Amps and cabs

Discussion in 'Amps and Cabs [BG]' started by Yrag, Jun 17, 2022.

  1. Yrag


    Jan 19, 2019
    Hi all. I’m new to the world of Amp heads and cab combos. I want something small and transportable as I’m giging again now after many years off.
    I like the TC electronic bc208 cab and I’ve found two second hand for quite a good deal just local to me. Now they are 200w each. Do I need a 400w head to supply the correct amount of power?
    Please excuse my ignorance.

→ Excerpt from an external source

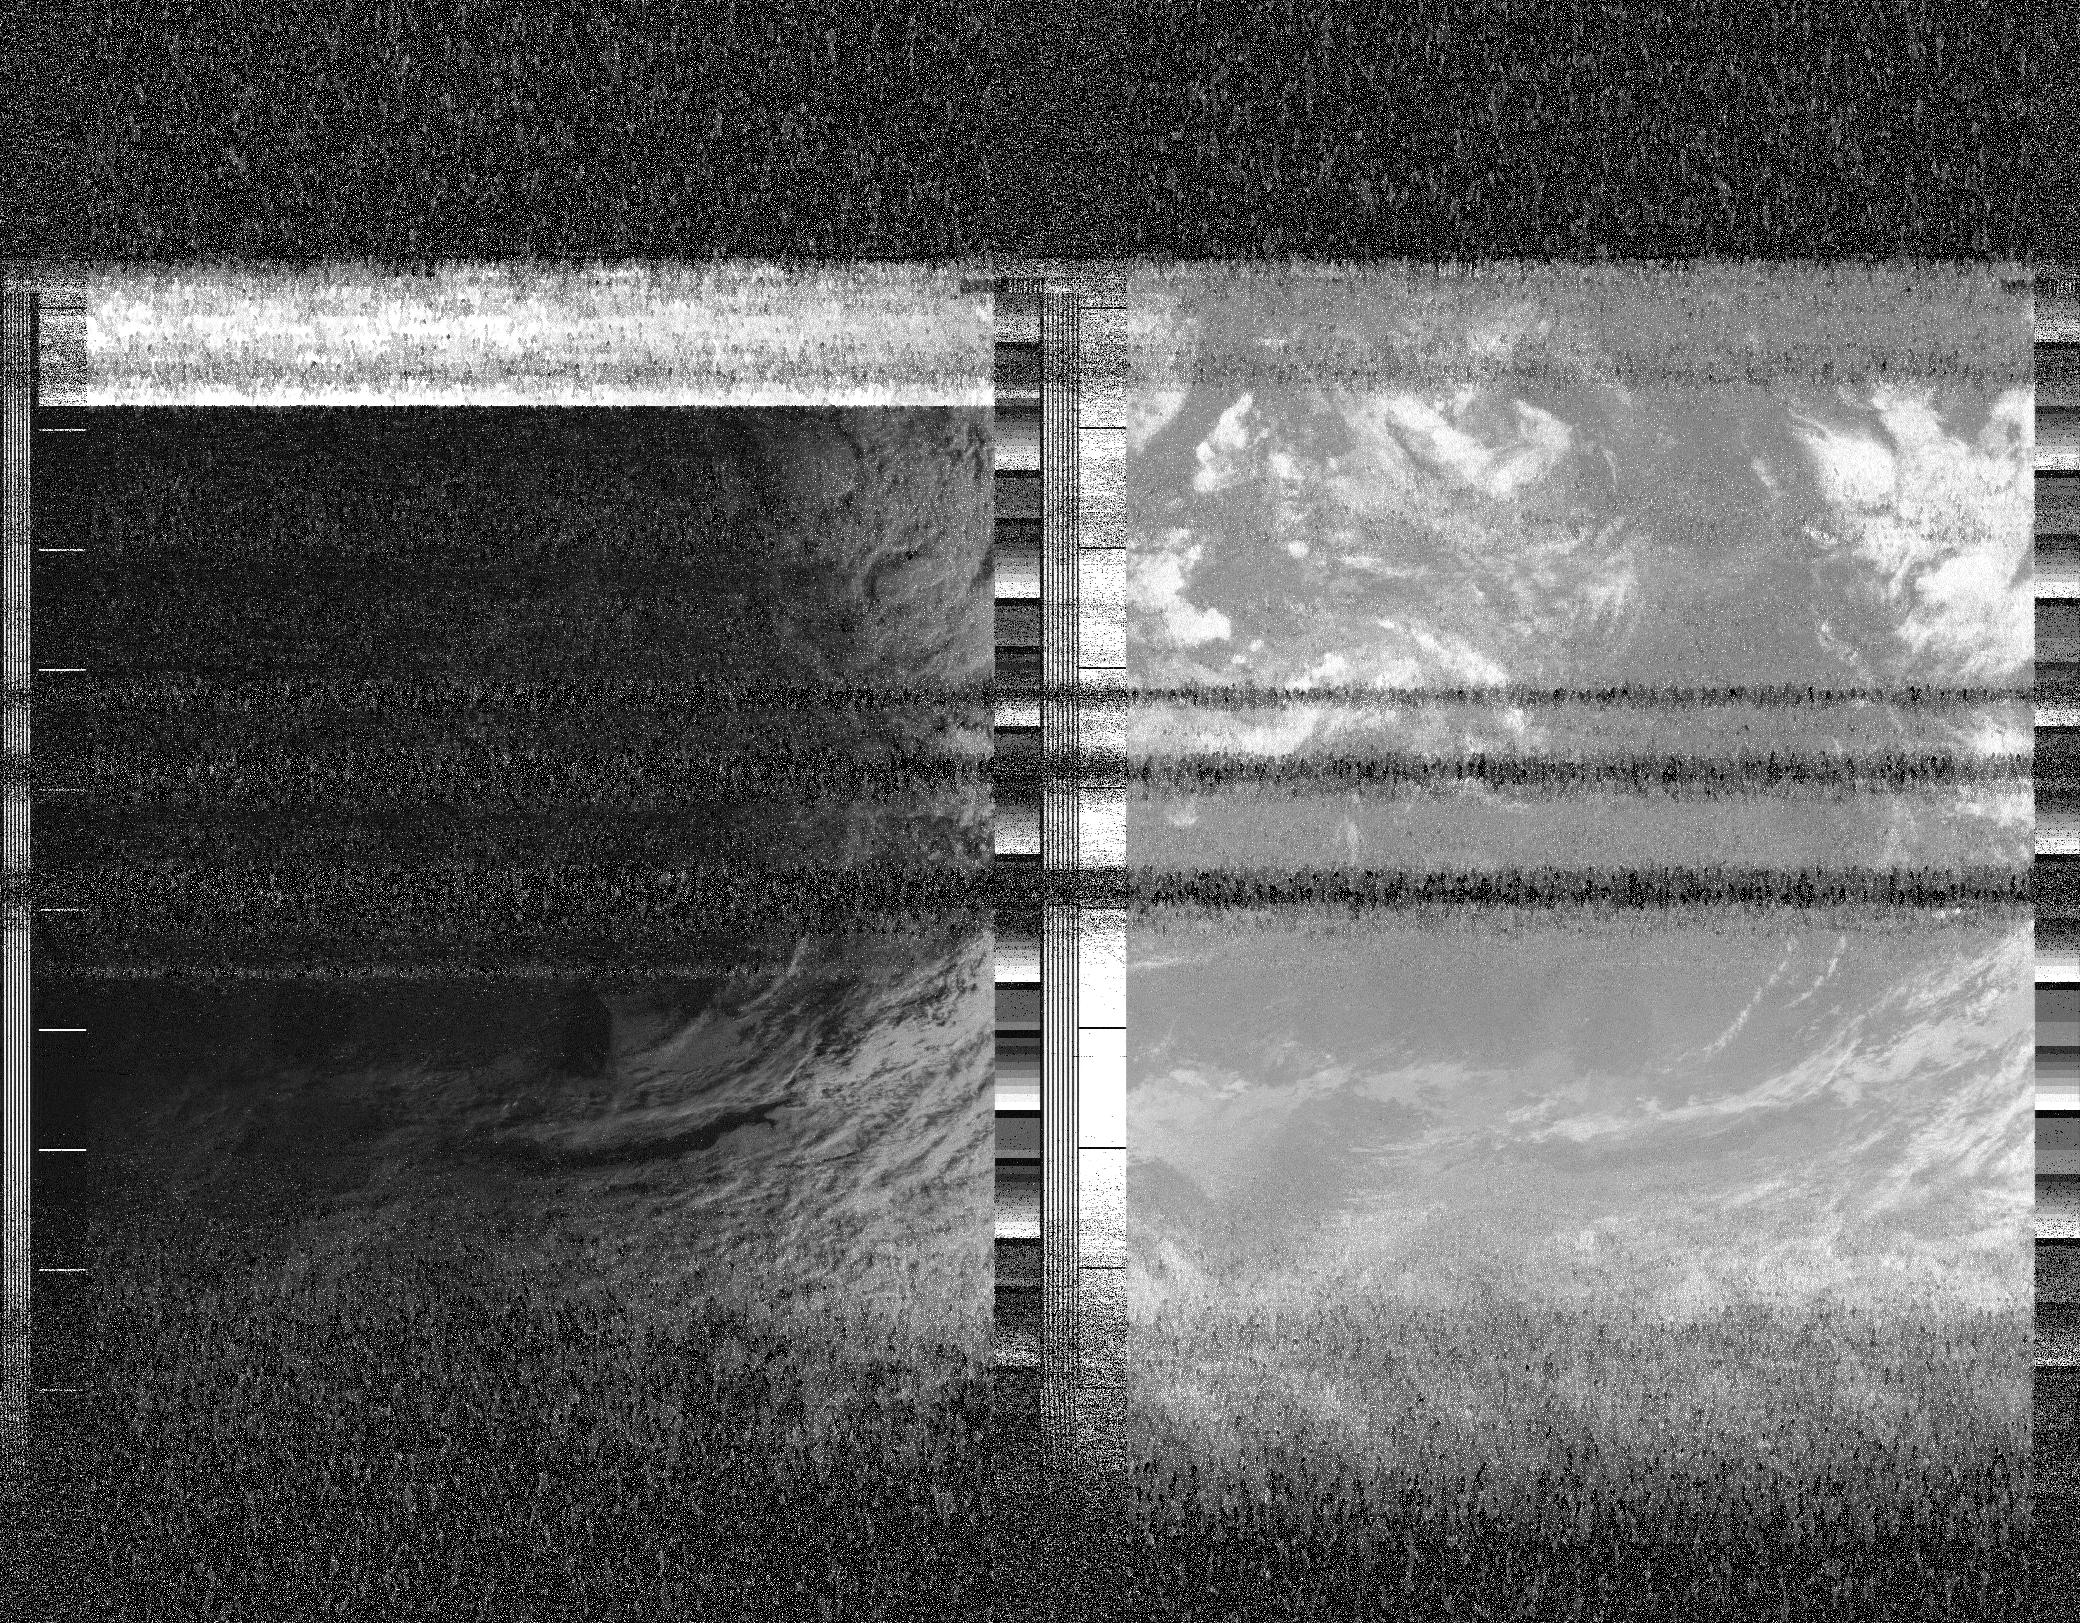 An image captured from a NOAA-18 satellite with lots of noise

When I was giging back in my youth I got whatever I could afford and at the time and it was a combo fender rumble 100(birthday present), Then onto a 300w valve marshal with two cabs but this was second hand and I bought it all together without really understanding it or the watt range etc.
    I like the look of the Eden head terra nova. Or the bugera veyron. Also the TC electronic bam 200w. My budget isn’t huge.
    So confused of what I could get away with. I really Look forward to some suggestions from the experts. :)
  2. In general, I think it's commonly recommended to have the same or lower powered head than your cab's/cabs' total power handling. So in the case of the two BC208s, yes, 400w or less is generally acceptable.

    Do you also understand Ohms and how that interaction between amps and cabs work? Not trying to be a jerk, just wanting to make sure you are taking that into account as well. :)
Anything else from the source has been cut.